The family had driven down from Caulfield South —
Lincoln, Myrtle, and their two children, Warwick, aged five and Judith, aged
three, to stay with Myrtle’s uncle Norman Crump at Brucknell. They were part
of a larger gathering of extended family. The children slept in the car outside
the dance hall while their parents danced.
WHAT LIES
BEHIND IT
The newspaper gives us the public event. But there was
another story running alongside it — the one the paper could not see and had no
language for.
What Judith Todman remembers is not her father’s death.
She was three years old, asleep in the back of the car while the dance went on
inside. She remembers the arrangement that was ordinary to her: the children
tucked into their sleeping bags in the reclined rear seat of Lincoln’s 1927
Chevrolet, parked outside Ludeman’s Barn, while their parents danced. She
remembers that either Myrtle or Lincoln would come out periodically to check on
them. She remembers someone lifting her at some point during the night — she
never fully woke — and drifting back to sleep in someone’s arms. She woke in
the morning in her camp stretcher in the barn, and the world had changed. It is
this that the family memoir preserves: not the event itself, but the texture of
the ordinary evening that preceded it, and the bewildering morning after. As
later recalled in family memory:
“She took Judy by the arm and led her
impatiently outside and knelt down to speak to her. ‘I don’t want any nonsense
now, and there’s nothing we can do about it. You won’t be seeing your dad any
more, he’s gone to heaven.”[ii]
What we do know is that at some point that night, after
the doctor, the police, and the coroner’s arrangements had been attended to, Myrtle
got into the front seat of Lincoln’s Chevrolet to make the drive back to Norman
Crump’s house – her husband’s body in the back seat where the children had
slept during the dance. Whether Judith was in that car or travelled separately,
she cannot now say. She was three years old, and the adults were managing as
best they could.
The newspaper’s single sentence:
“Much
sympathy is felt for Mr. Todman’s young widow and two children”

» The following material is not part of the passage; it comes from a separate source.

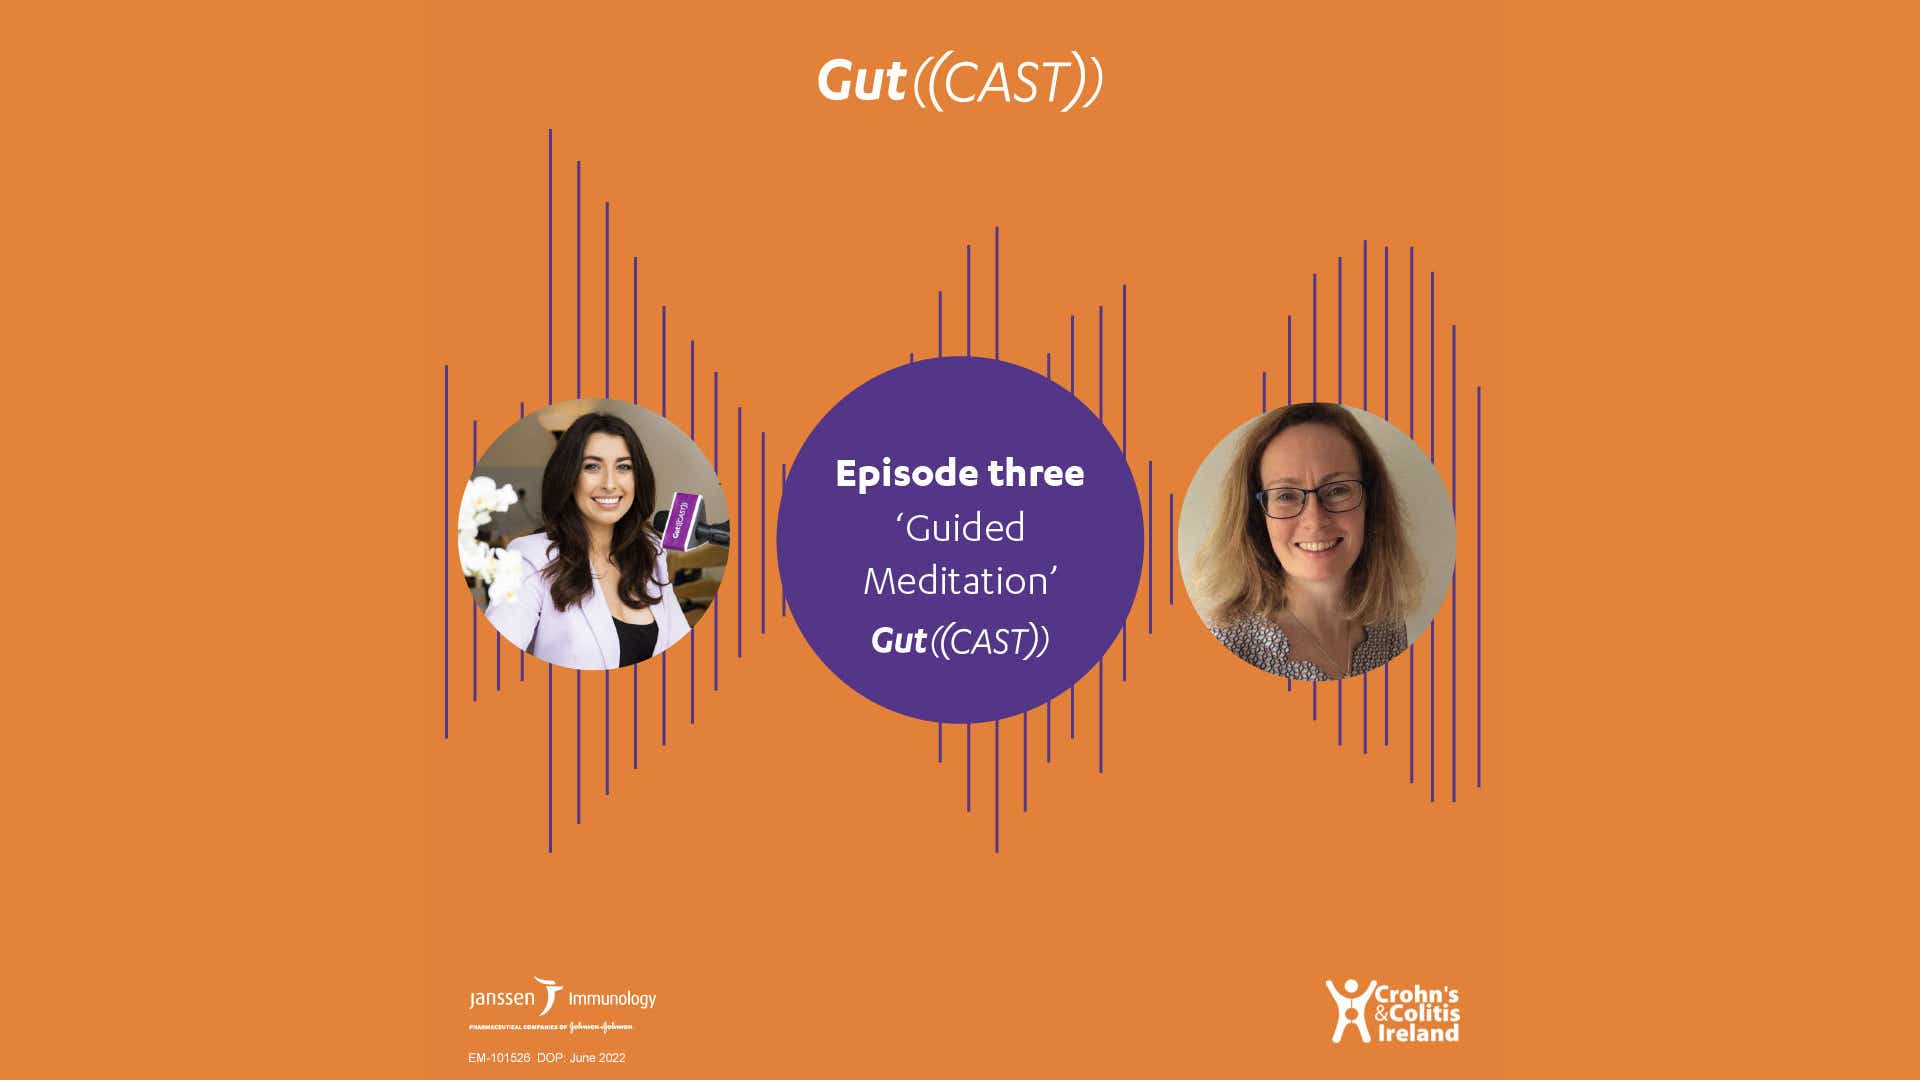 Season two episode three of the Gutcast series named "Guided Meditation".
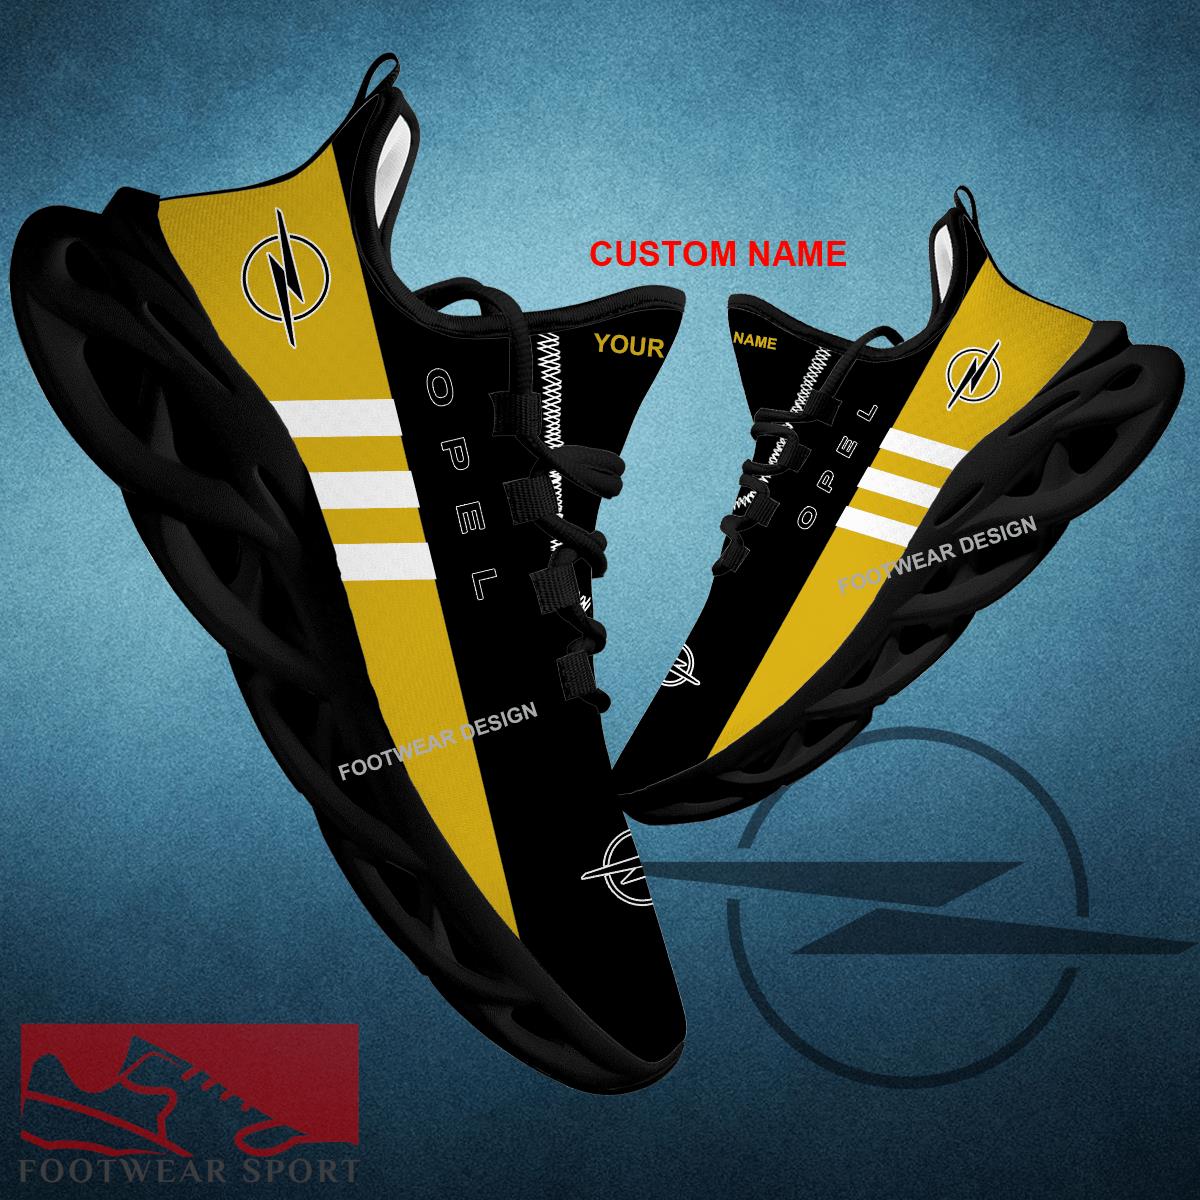 Car Racing Opel Style Chunky Shoes New Design Gift Fans Max Soul Sneakers Personalized - Car Racing Opel Logo New Style Chunky Shoes Photo 1

contains all of this and none of it. It is grammatically
passive, collectively voiced (“is felt” by the community at large), and moves
immediately on. There is no room in a paragraph-long item for the wicker picnic
basket, the songs on the long drive down, Lincoln winking at Judith when Myrtle
scolded her, the children asleep in the back seat while the dance went on.
What happened next is also invisible in the press. Myrtle
gave her sworn deposition to the Deputy Coroner the following morning. Lincoln
was buried at Springvale Cemetery on Tuesday, three days after he died. By
late July, probate had been granted, and the estate inventoried. Myrtle found
work in a sweet factory, sold the house at Teak Street, South Caulfield, and
moved in with her mother. The children went to live with their grandparents in
Balaclava while the immediate crisis was managed.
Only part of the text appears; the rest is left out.